Keegan-Michael Key, whose comedic partner Jordan Peele is enjoying a huge career boost after his writing and directing work on 2017’s Get Out, plays his character as if he belongs in one of the pairs’ outlandish sketches, an overly energetic shtick that gets tiresome very quickly. The rest of The Loonies are so thinly drawn out, it’s a miracle they don’t blow away in the wind.
There is a silver lining though in both Sterling K. Brown’s perpetual gum-chewer Traeger and Jacob Tremblay as Rory. Brown brings the best out of what he’s given as a smug Government agent, while in one of the biggest shocks for me Tremblay and his character trait is one of the films saving graces. In fact, Rory and his capabilities is likely to draw comparisons to Dave Bautista’s Drax in the way that it depicts the condition as advantageous.
But what of the titular Predator? Well it’s not the Predator you’ve come to know at all. This is a truly different kind of beast, one more human than ever. It’s better to view the film as separate from the franchise and rather as another alien from space with a strikingly similar appearance. Give it your own name if you like – The DREADnaught was the best I could do – it just sure isn’t the same Predator that gave Arnie grief in the jungle, or the one that made Danny Glover realise his ever-increasing age while running through the city.
Effort is made to spruce up the series with the introduction of the taller, faster, meaner ‘Super Predator’ (it’s not a spoiler if it’s in the trailer!) and Predator Dogs, but when all is said and done they amount to nothing more than regular extra-terrestrial Joes, just amped up with steroids. The dogs are especially useless, only ever threatening to cover faces in space saliva with their excessive licking.
It’s with these dogs that the CGI really struggles. They look terrible, like a minor threat in a late 90s video game. But the effects in general appear woefully unfinished, most prevalent in what should be the climactic third act. I can tolerate sub par CGI if I can follow the action, but the frenetic editing and inadequate lighting in the last half an hour makes it almost impossible to follow the already perplexing and bloated story.

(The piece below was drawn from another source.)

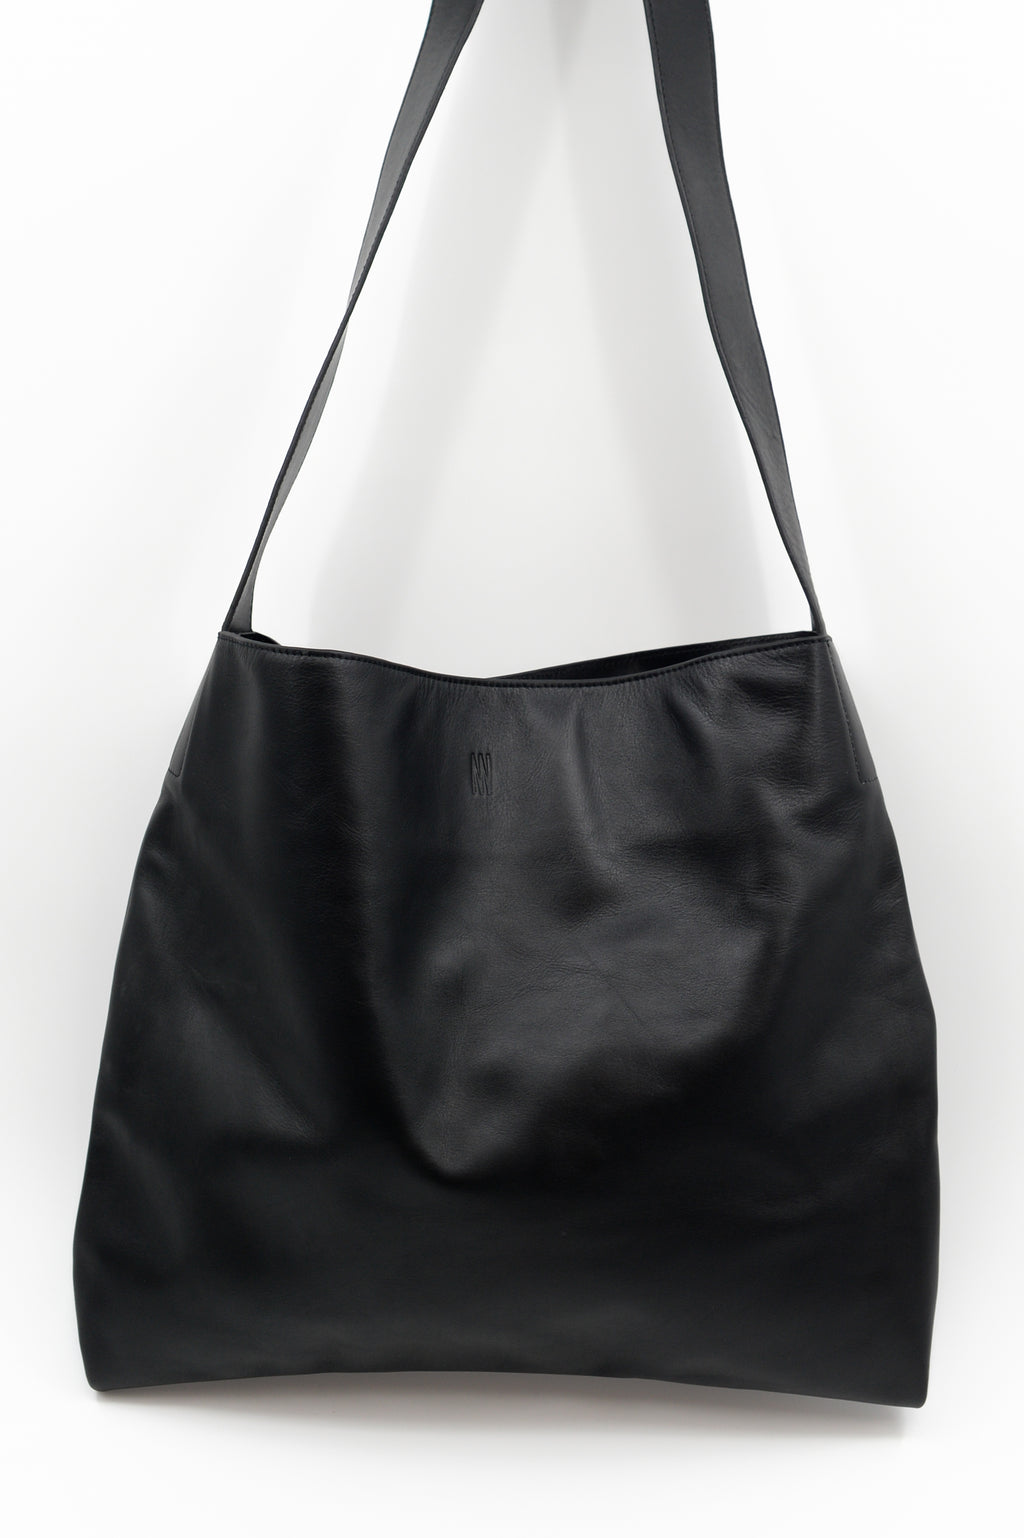 Big crossbody handbag in black nappa leather
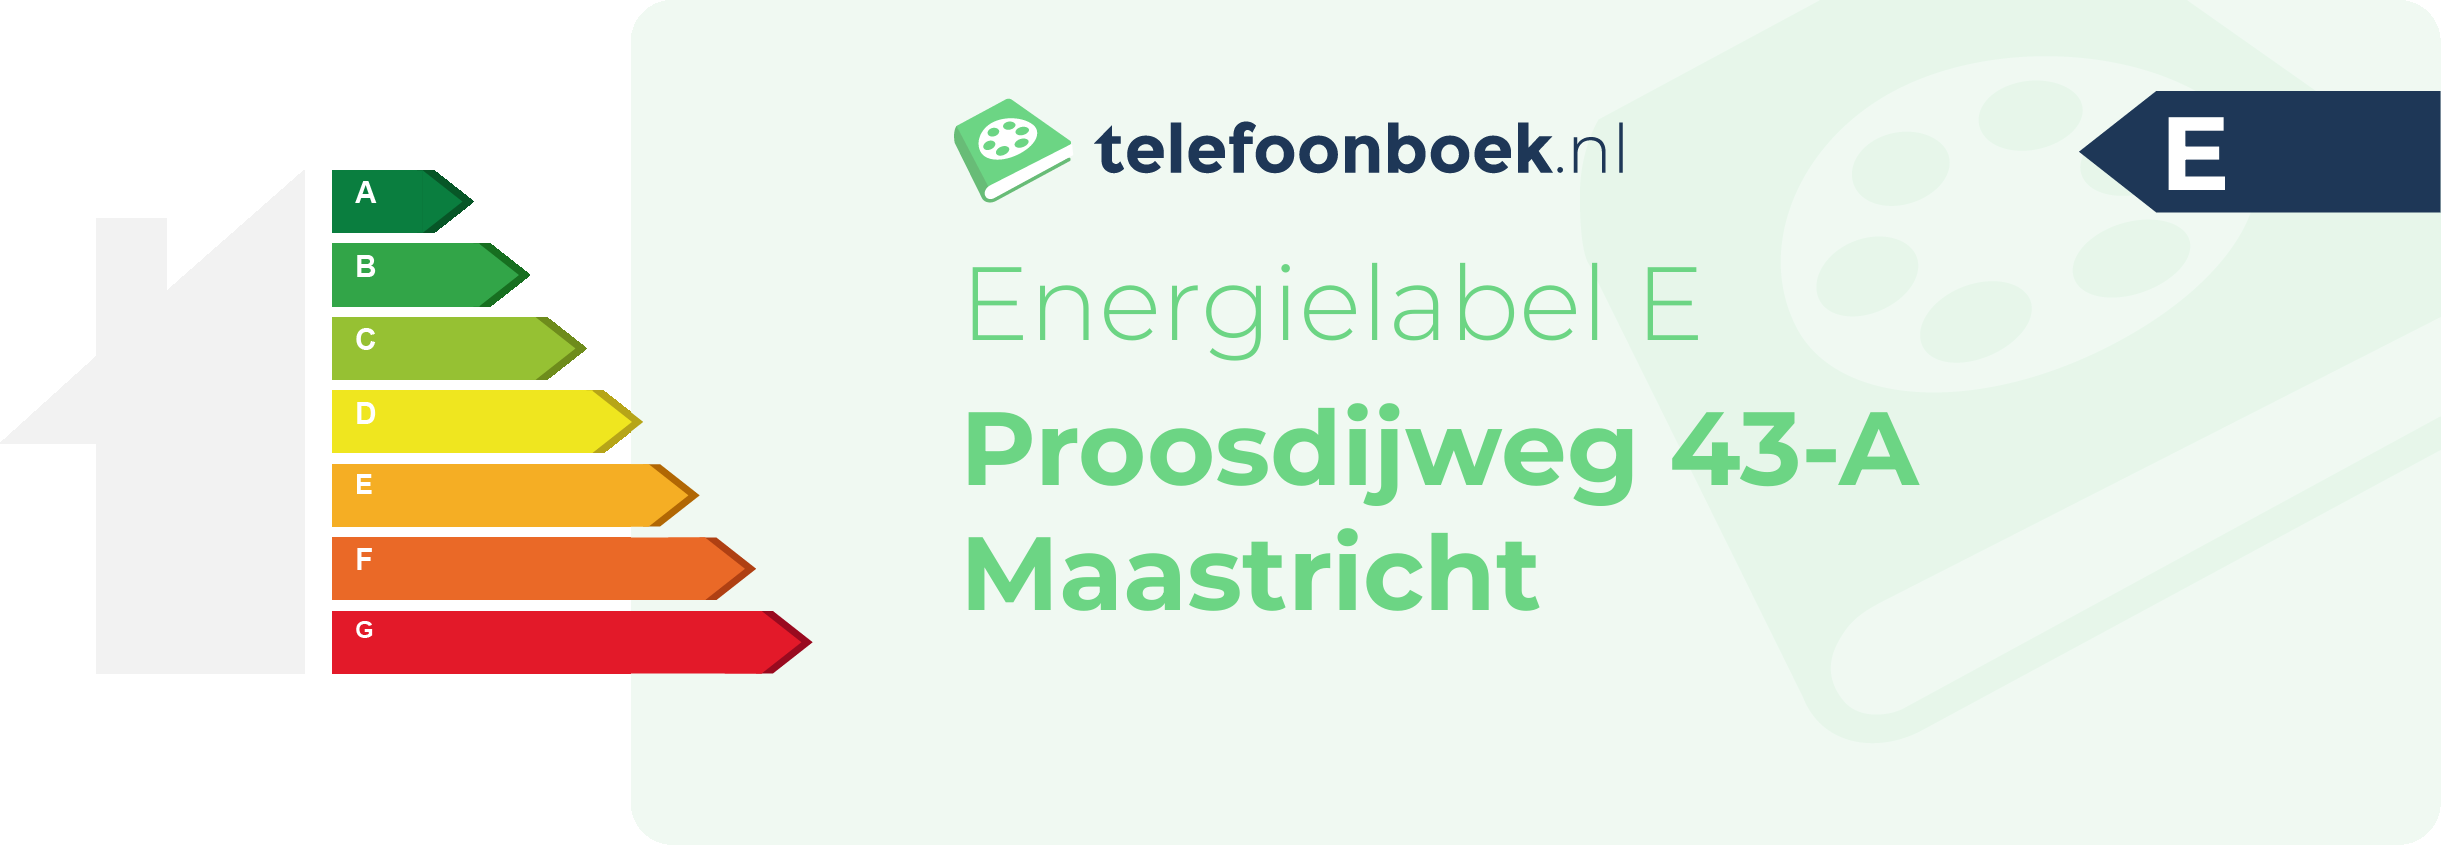 Energielabel Proosdijweg 43-A Maastricht

A pivotal character moment occurs which I completely missed because of the hyperactive shredding of the film and it was only verified when the credits rolled and I knew nothing more was going to happen. I firmly believe there’s a cut of The Predator that exists which fills in the black hole-sized narrative gaps and would ultimately make it a much better experience.
I know I’ve launched a barrage of criticisms towards The Predator, but it’s not all bad. Black works best when there’s action, and what precious little of it there is in the first two acts, it’s filled with tantalisingly violent kills. Heads will and frequently do roll, limbs are thrown around willy-nilly and the Super Predator signals his arrival with dominant, spine tearing authority. When these rare moments are in full swing, The Predator is immensely enjoyable and feels like the film I’d been expecting.
Regrettably, it’s never too far away from a repellently unpleasant attempt at a joke or a misconceived shot at rewriting Predator lore.
The hunt may have evolved, but Shane Black’s The Predator is a regressive and unamusing misfire.
Jacob Tremblay and Sterling K. Brown
Some satisfying kills
A few of the attempts to forward the Predator lore are plausible
Insensitive barrage of jokes rely heavily on the expense of mental health issues
Rapid cutting in the third act makes the already convoluted story even harder to follow
Unlike the capability of their power tool namesake, the screenwriting duo of Black and Decker aren't up to the job of assembling a strong and sturdy entry into the long running Predator franchise.